Source: http://en.kremlin.ru/events/president/news/76675 

For the time being neither the Kremlin nor the White House has claimed any result. RIA Novosti, headlining that the meeting with Witkoff lasted for four hours, reported no detail at all.

Several hours after Witkoff had left meeting with Putin,  Trump implied that he is blaming the Russians for the failure of the talks so far, and is planning a new ultimatum.  “Russia has to get moving”, Trump tweeted.  

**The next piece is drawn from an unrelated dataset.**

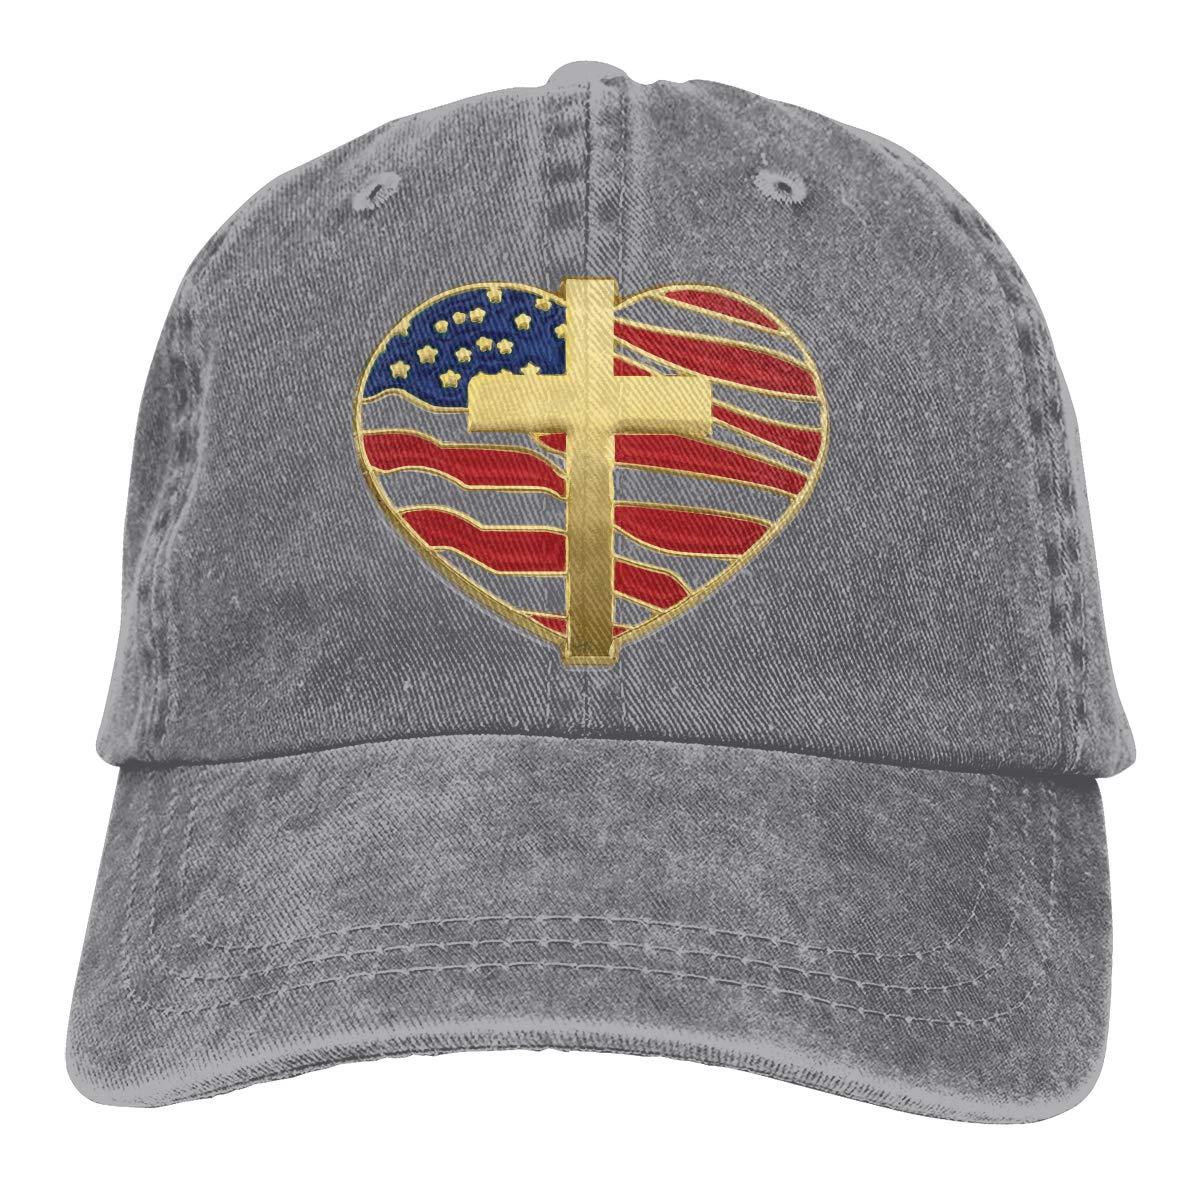 Angel Flag Unisex Custom Cowboy Casquette Adjustable Baseball Cap

Source: https://truthsocial.com/@realDonaldTrump/posts/114319592702753512 

A well-informed source in Moscow says that Trump and his subordinates have been surprised by the Russian terms for ending the war. “The Russians have told Americans they will have Odessa and a land corridor to Moldova. They have offered ports on Dnieper River for access to the sea for the Ukrainians. There has been no demand about Nord Stream. Money is being discussed on the sidelines but not in the main talks. In the main room [in Riyadh on February 18] Lavrov and Ushakov brought no papers and asked Americans [Rubio and Waltz] to dust off the December 2021 treaty draft.   The Russian positions shocked the Americans. They were told the Ukraine will be demilitarized and its forces will be turned into paramilitary and police. The Americans were also surprised how little Russians cared about Zelensky or his British and Europeans backers. The Americans were told there will be no Ukrainian paramilitary force east of the Dnieper – only police. A new Russian demand was tabled for autonomy of  eight Ukrainian oblasts, with Kiev army forces removed. In general, the  Russians propose turning the Ukraine into a genuinely federal structure with provisions that Banderites can never take power in Kiev and that the central forces will be limited in their capabilities,  supplementing the police if and when Banderites take to the streets. The main purpose of any such force will be de-nazification and keeping it that way. There are demands also about the Orthodox Church in Ukraine.”